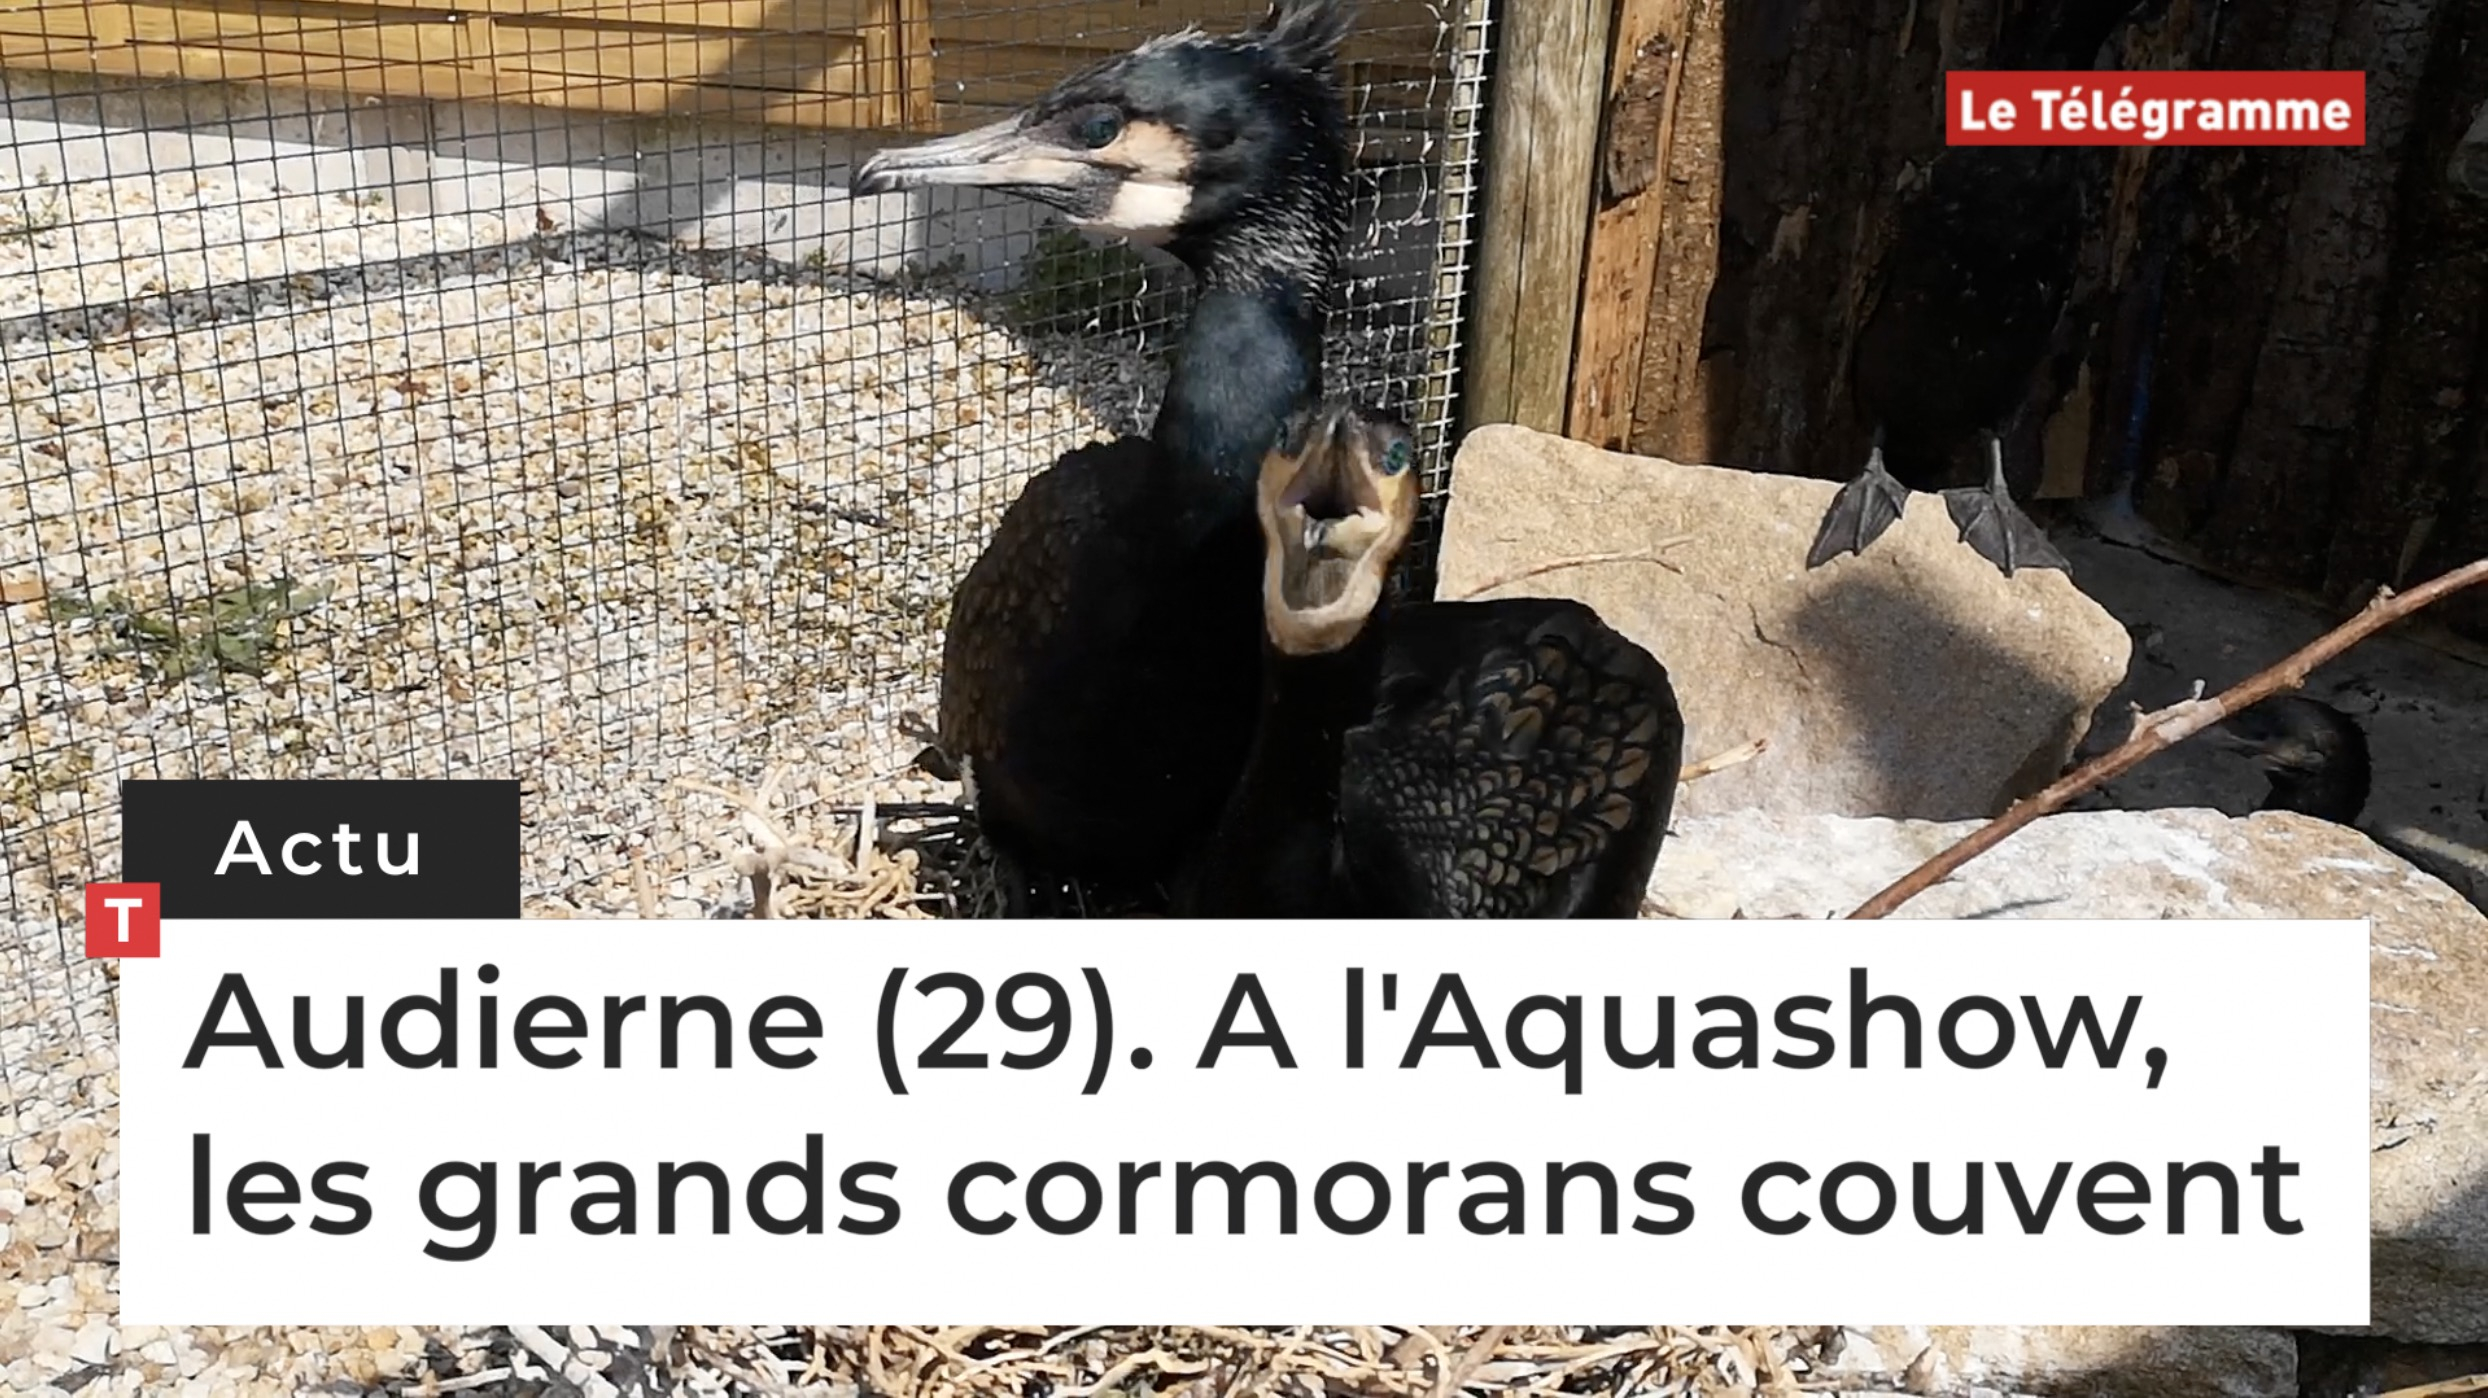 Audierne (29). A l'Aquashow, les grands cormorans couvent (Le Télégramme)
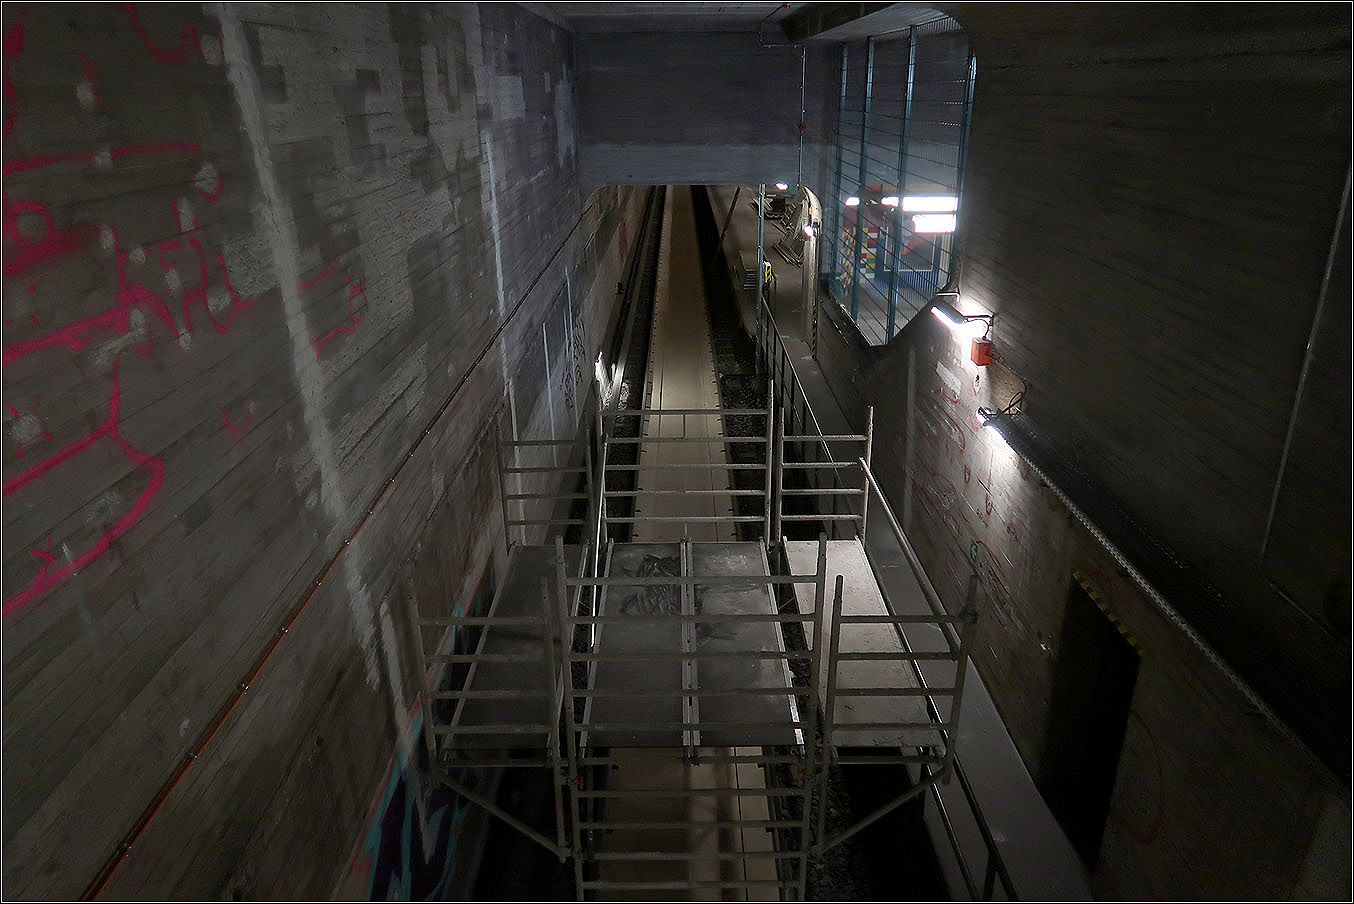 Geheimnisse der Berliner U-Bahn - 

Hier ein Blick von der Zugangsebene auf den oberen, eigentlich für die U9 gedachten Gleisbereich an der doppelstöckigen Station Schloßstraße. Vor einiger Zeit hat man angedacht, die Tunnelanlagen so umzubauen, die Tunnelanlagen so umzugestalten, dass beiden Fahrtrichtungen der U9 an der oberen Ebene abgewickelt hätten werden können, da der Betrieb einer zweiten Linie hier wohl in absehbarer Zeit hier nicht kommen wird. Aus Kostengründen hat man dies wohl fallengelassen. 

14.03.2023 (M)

---

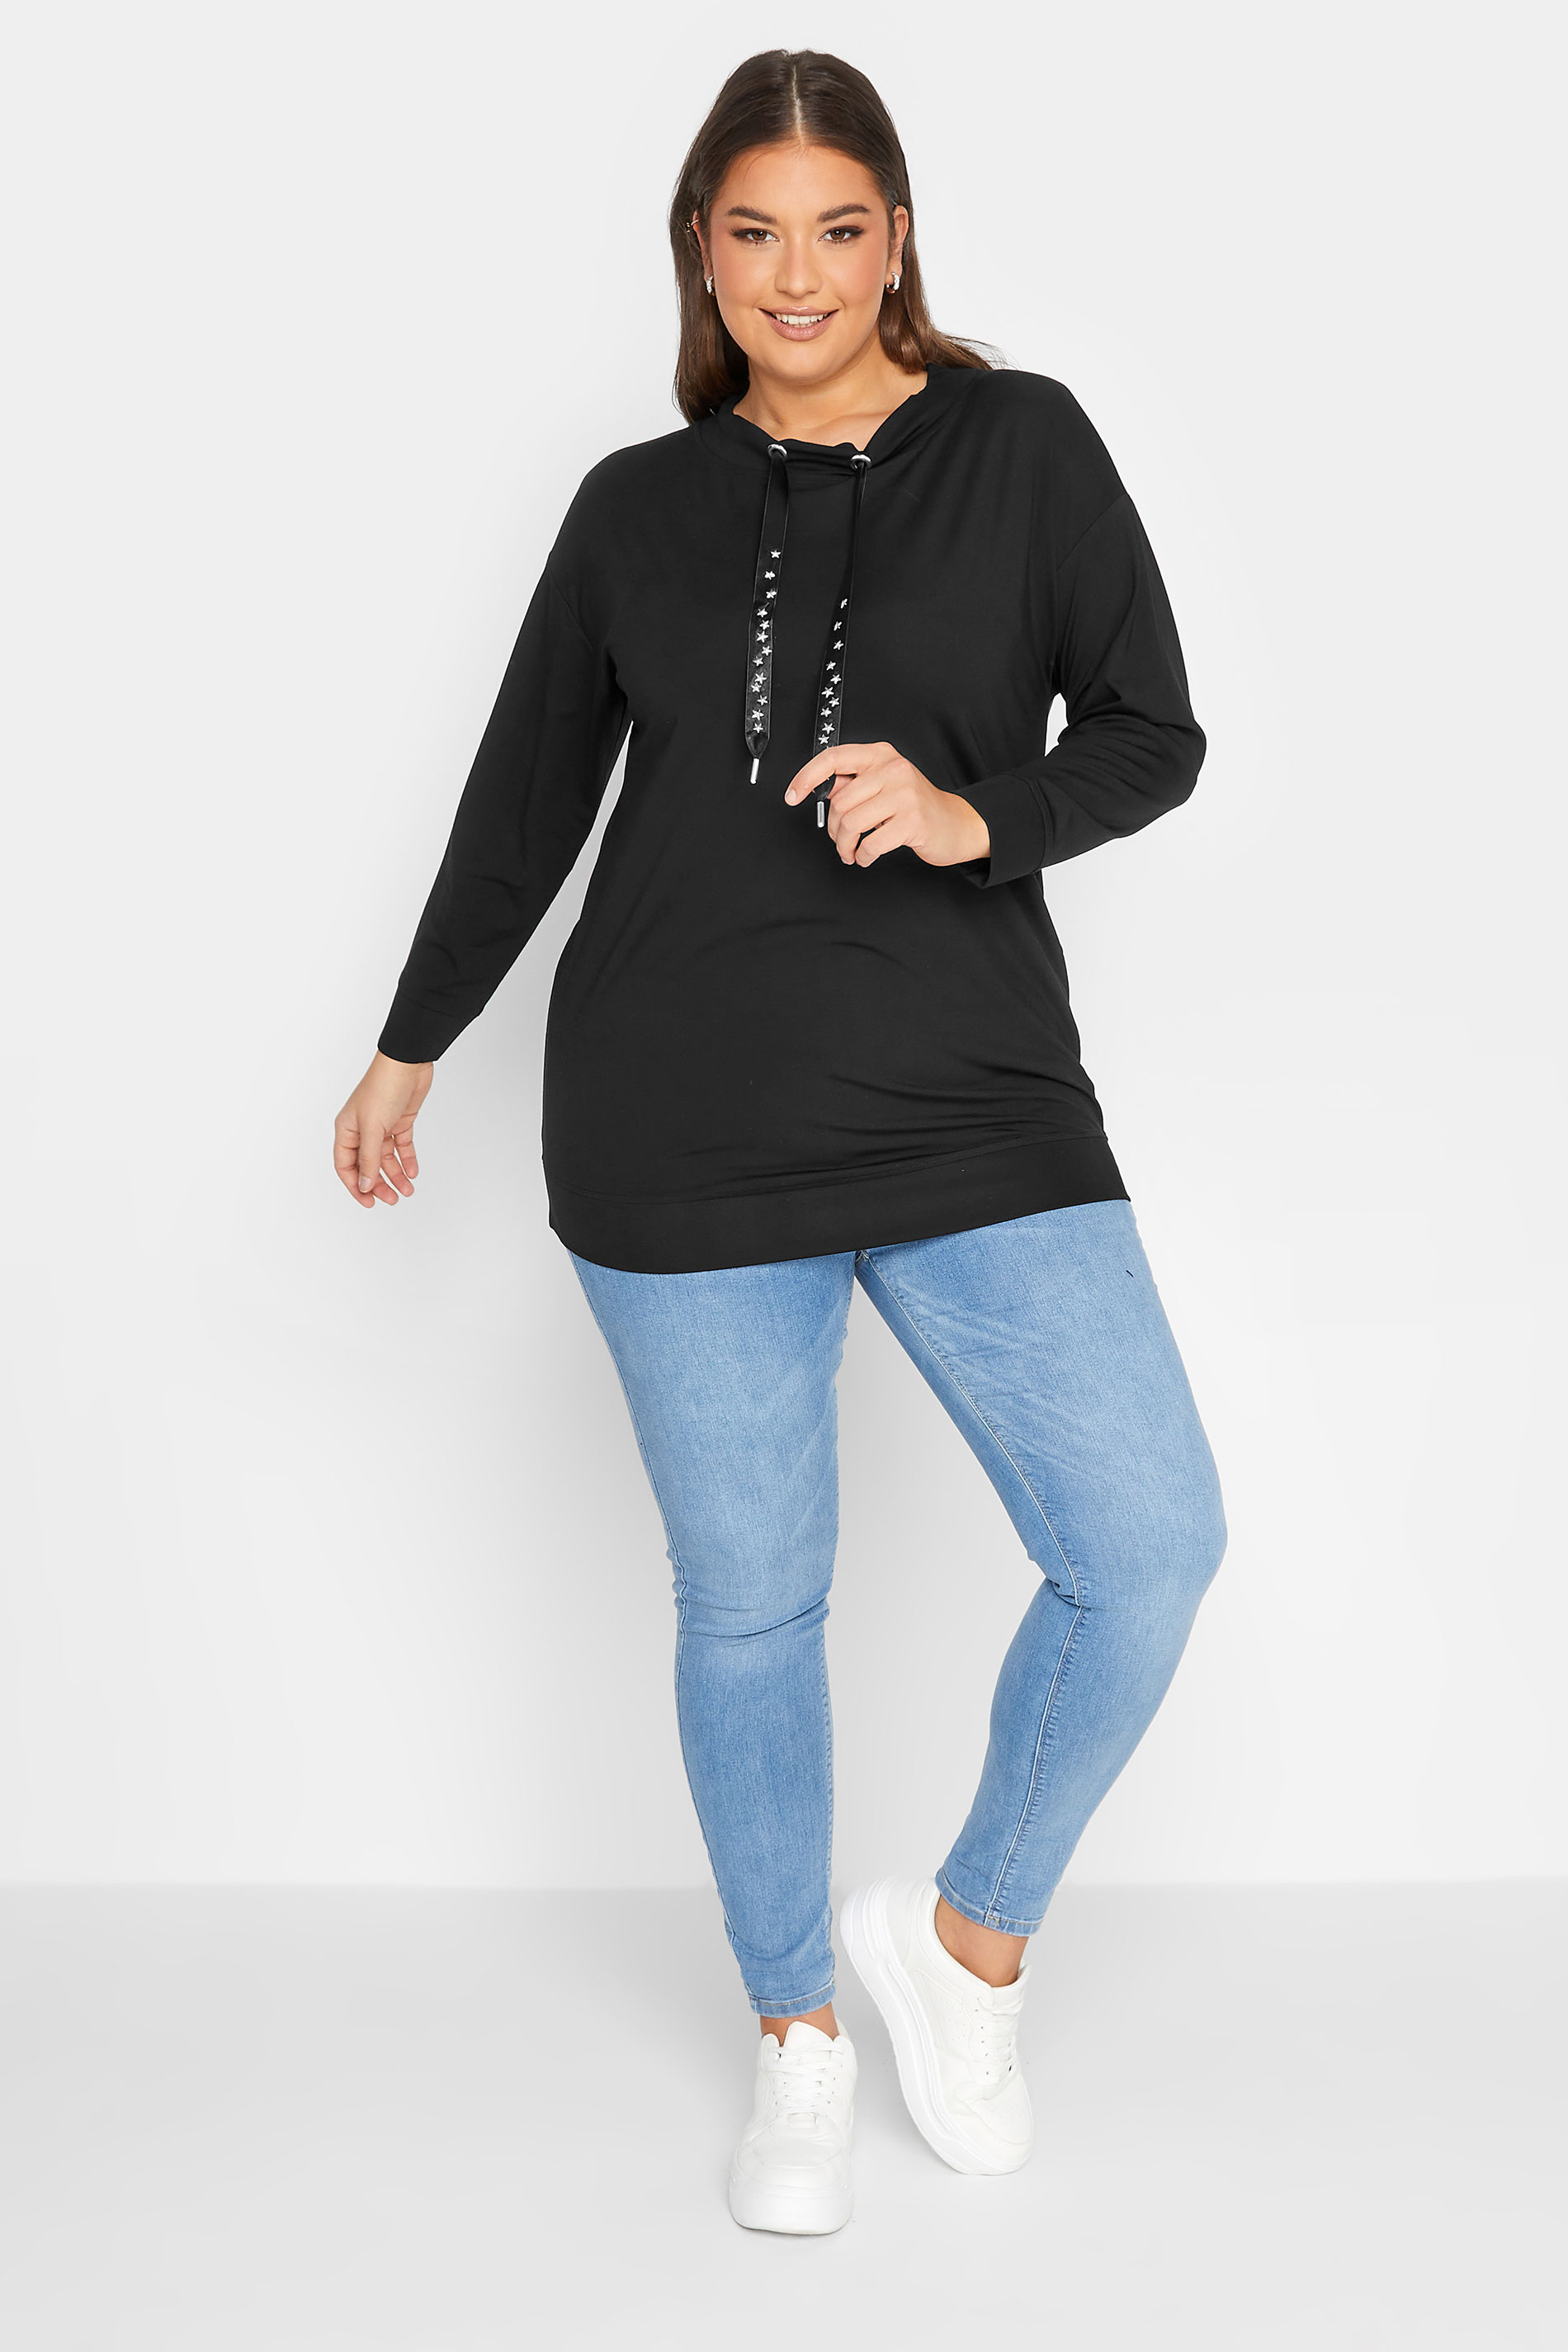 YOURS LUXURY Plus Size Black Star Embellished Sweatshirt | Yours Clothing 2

...

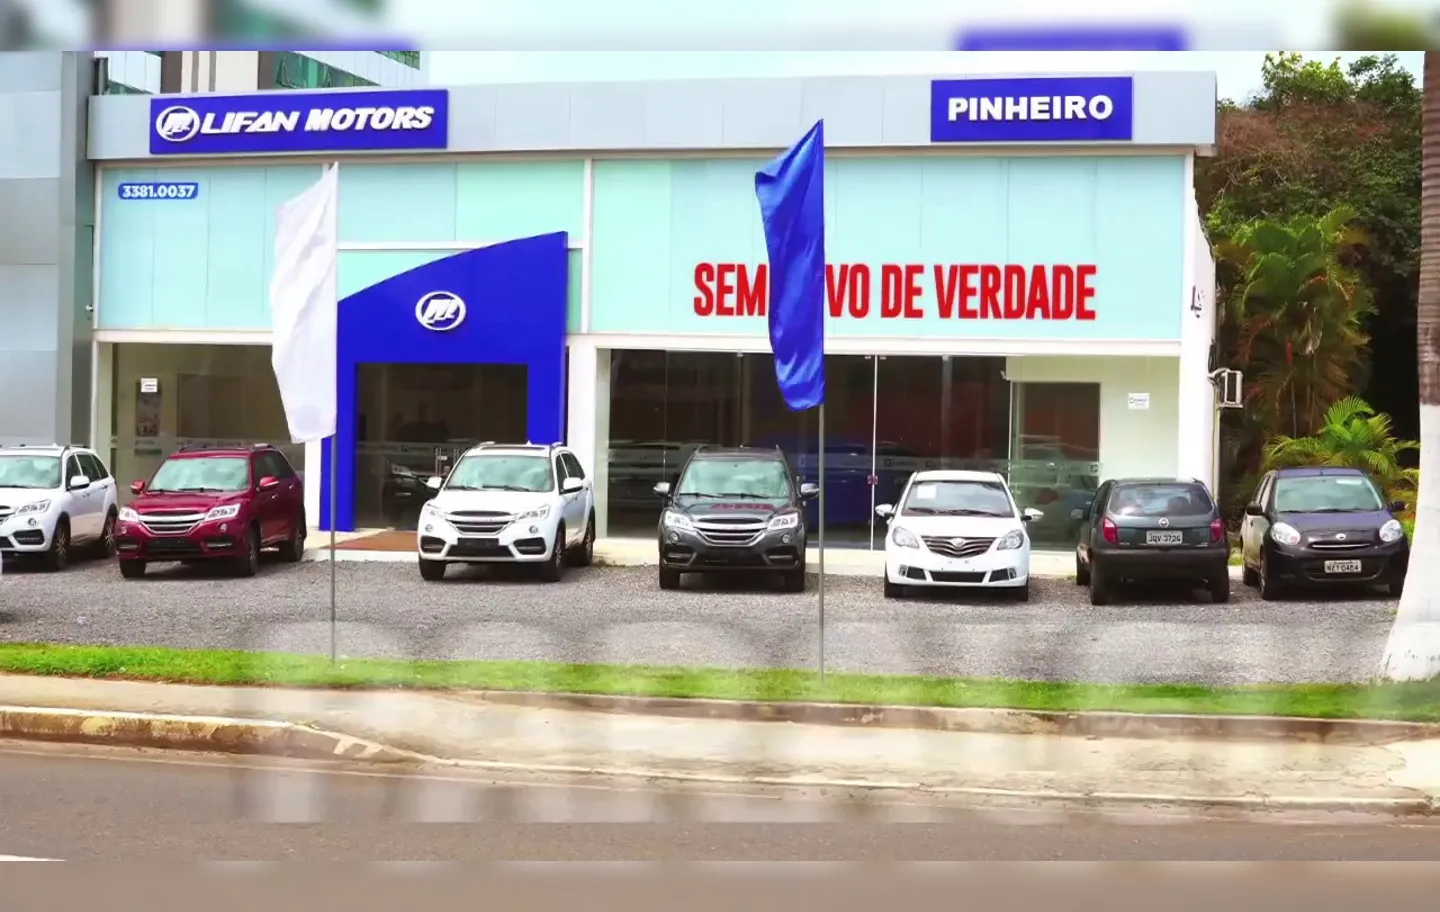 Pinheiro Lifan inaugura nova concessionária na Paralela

What to do. Pictures do not belong in the answer. Return the lines above starting at the one with "Audierne (29). A" and ending at the one with "Geheimnisse der Berliner", both kept, exactly.

Expected answer.
 Audierne (29). A l'Aquashow, les grands cormorans couvent (Le Télégramme)
 Geheimnisse der Berliner U-Bahn - 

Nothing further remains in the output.